Microsoft® Office 365™ is proving popular and adoption continues to accelerate.
A recent Gartner study found that 78 percent of IT decision makers say their organization is already using or is planning to use Office 365. This is 13 percentage points ahead of what the same survey found in 2014.
The adoption numbers clearly indicate that Office 365 is a product the market is eager for. Microsoft is adding over 50,000 customers to Office 365 a month and has well over 60 million commercial users.
While the growth of Office 365 has been explosive, when I talk to CIOs and IT directors, I often hear from them a reminder that the risks facing on-premises environments don’t change when organizations move email to the cloud. The security threats remain and companies need to prepare for, and shield employees from, productivity crippling downtime.
The scale of the platform is massive but it is important to remember Office 365 depends on a number of technologies working in concert to provide a seamless service. In the case of email, this means that Microsoft Azure Active Directory (AD), Exchange Online Protection (EOP), archiving and the administration console must be always on and always accessible. If any of these services are disrupted or compromised, the result is stark, employees can’t send, receive or access email—and potentially worse, admins can’t control this critical communication platform for their business.
Mimecast experts have engaged in hundreds of Office 365 migrations and service implementations for companies of all sizes. As part of the process, we find that there are usually five key questions to ask during the migration process:
- Do I have a back-up plan if my email system goes down from cyber-attacks, human error or technical failure?
- How do I track outages and ensure I engage my vendors with the right language in the contract to cover my organization?

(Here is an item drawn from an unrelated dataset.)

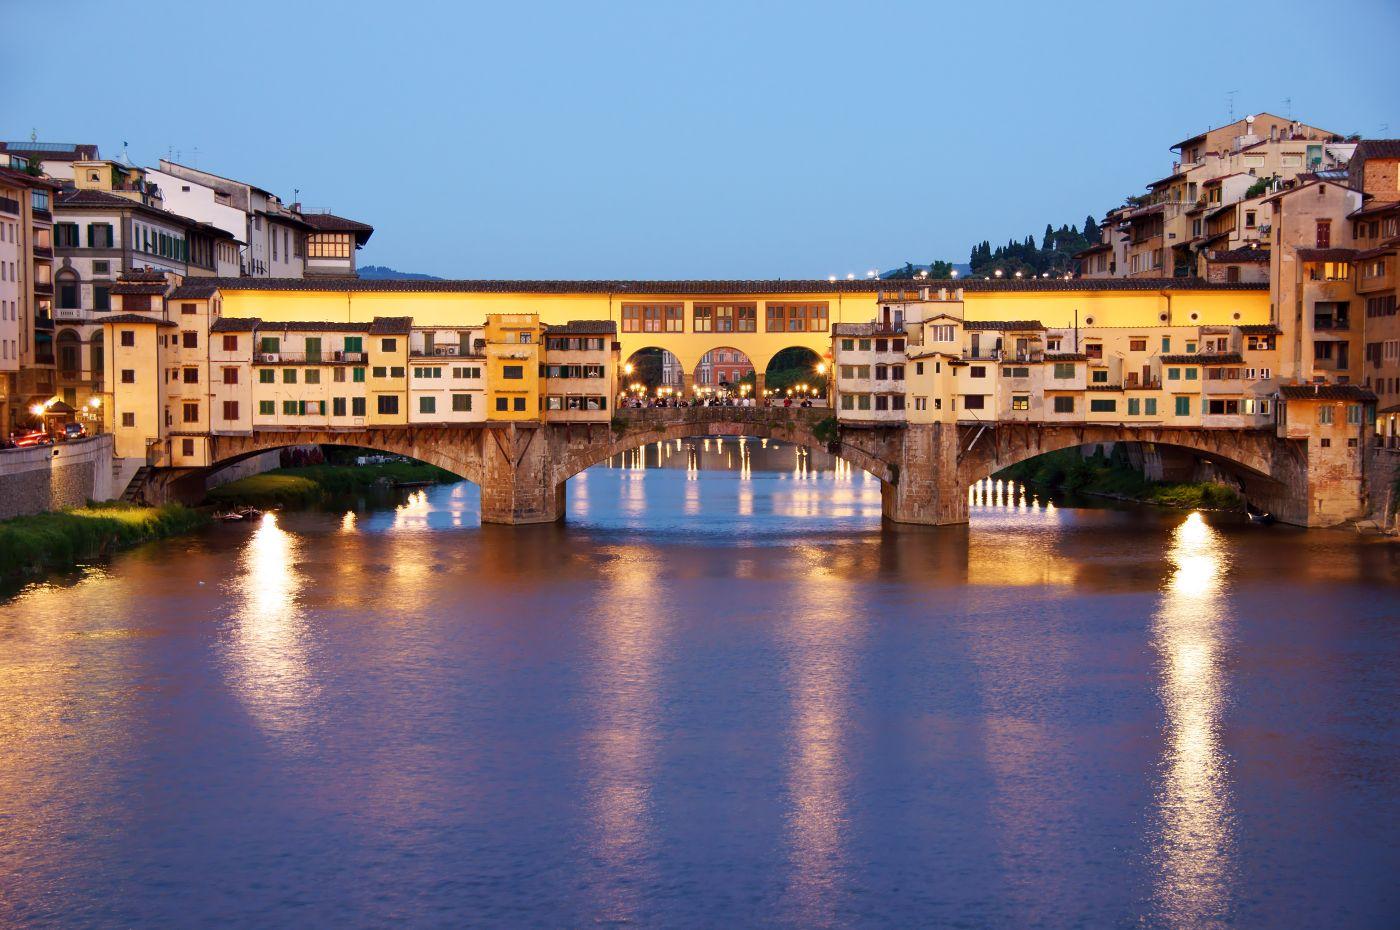 29. Ponte Vecchio - Firenze

- If a system outage occurs, how do I respond in the most efficient way from a technical perspective?
- What other services can I use to ensure 100 percent uptime?

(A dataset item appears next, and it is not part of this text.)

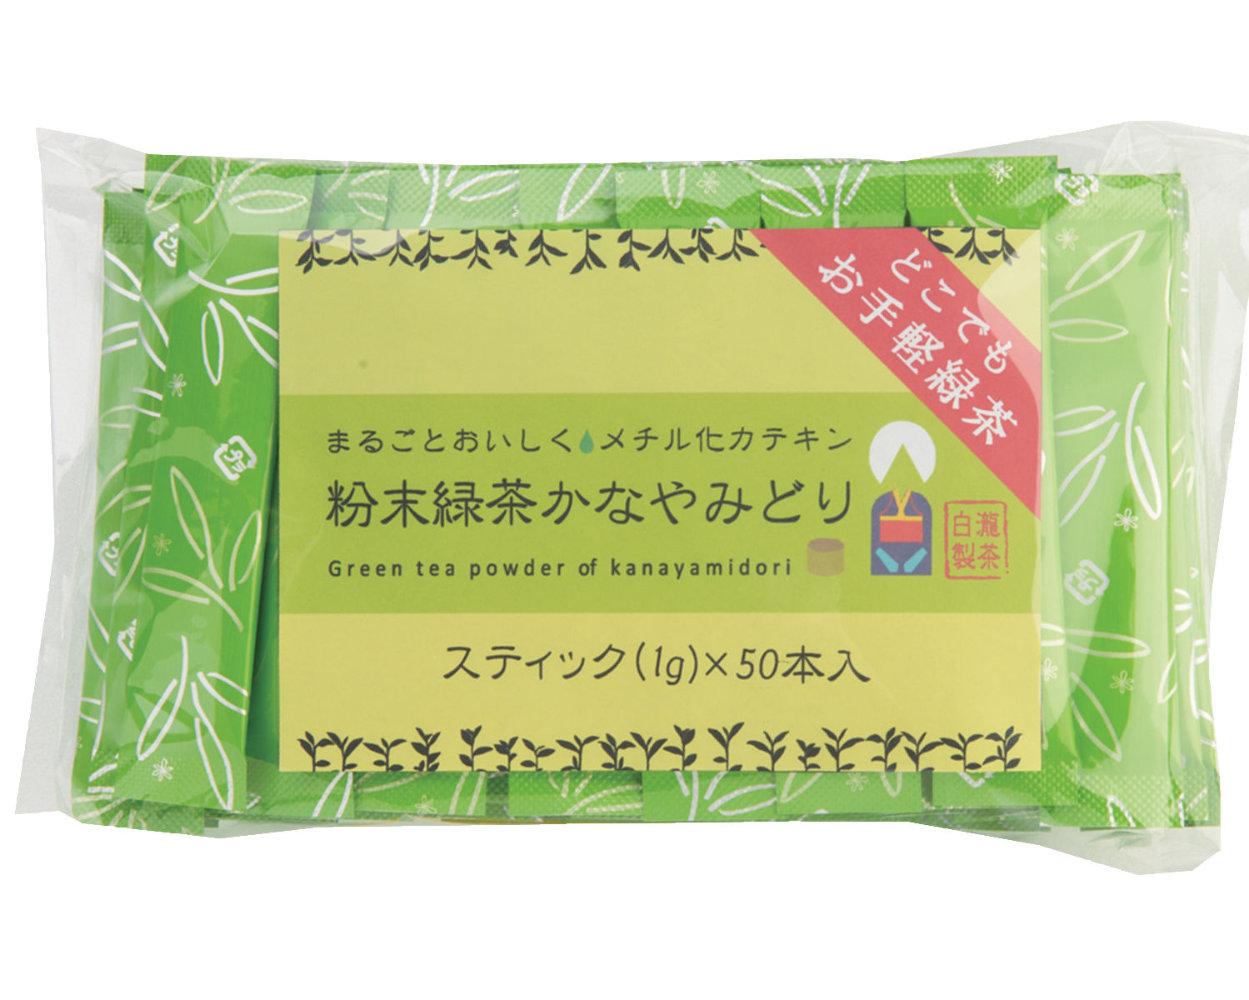 粉末緑茶かなやみどり 1g×50本

- Who within my organization do I need to brief prior to, during and after an outage occurs?
By answering these five questions, organizations can take a proactive approach before a system outage occurs and have a layered cyber resilience strategy to maintain productivity.

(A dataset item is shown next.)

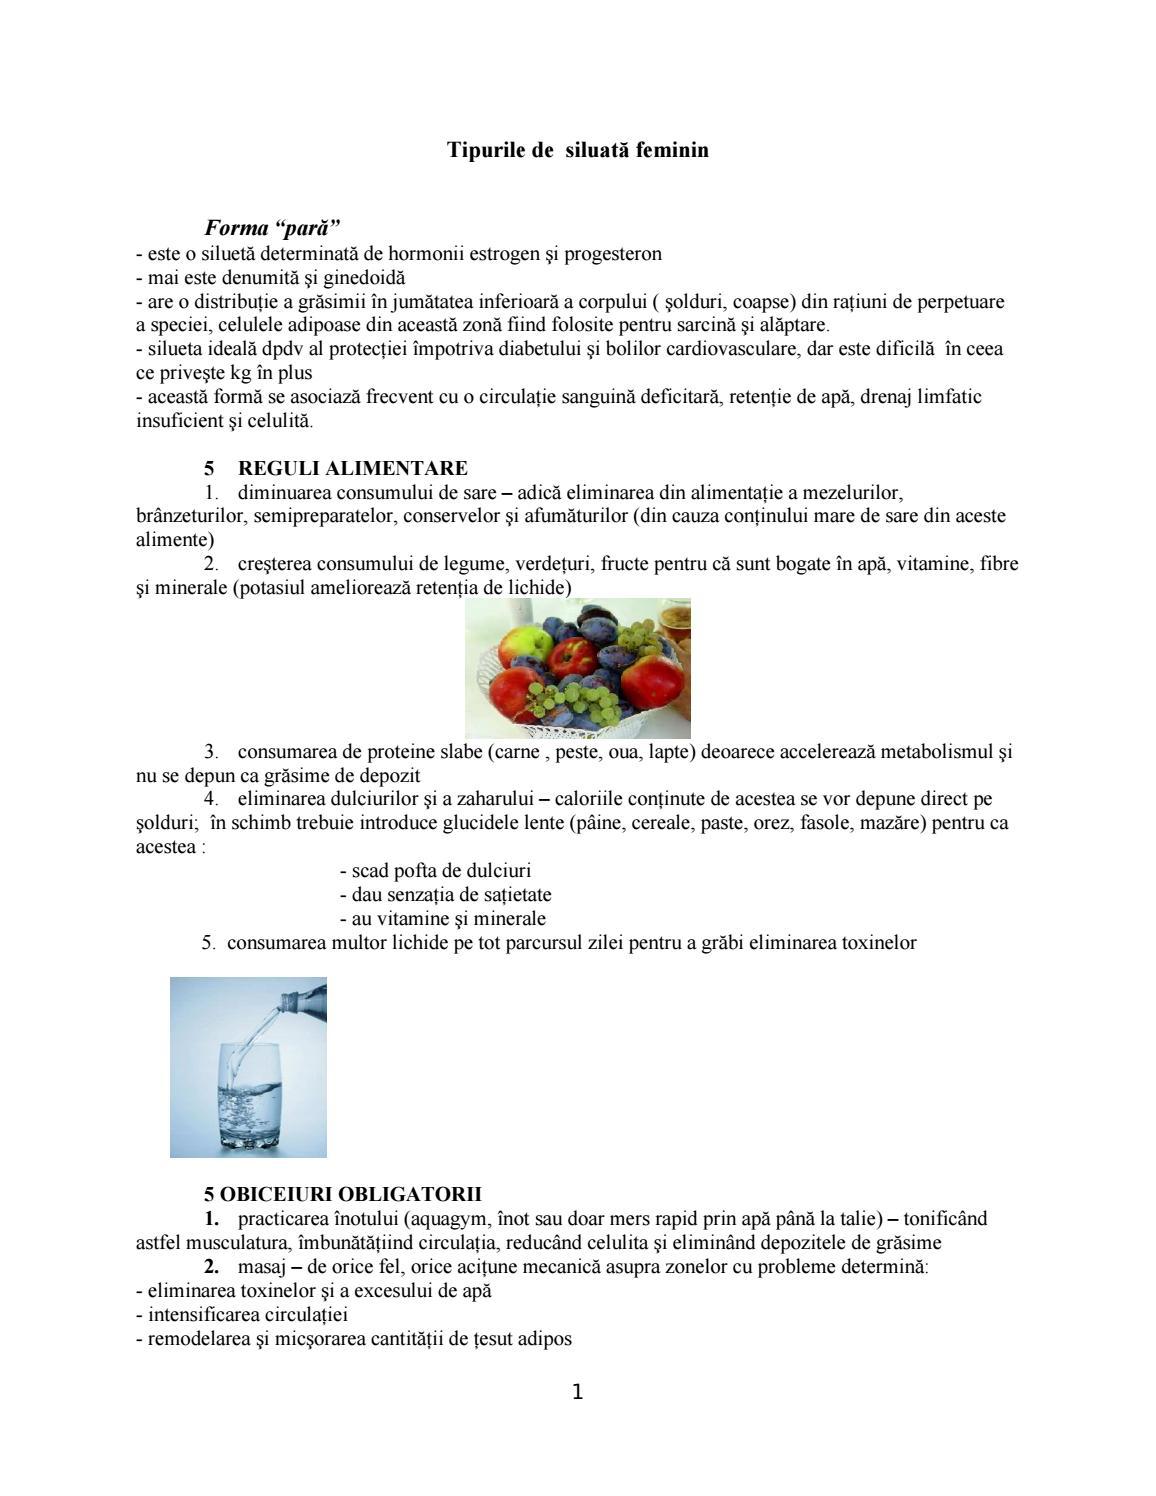 Cum se produce detoxifierea organismului, când este recomandată și ce trebuie să faci?

There will always be a give-and-take between the benefits and potential limitations of a move to the cloud so it is important to have the facts – as Microsoft Servers and Services MVP and author of “Conversational Office 365” J. Peter Bruzzese frequently says, “Don’t sleepwalk into the cloud.”
If you’d like to hear the answers to these questions and more about the best way to prepare for potential risks of Office 365 register today for the webinar, Cloud Outages Happen – Be Prepared, here.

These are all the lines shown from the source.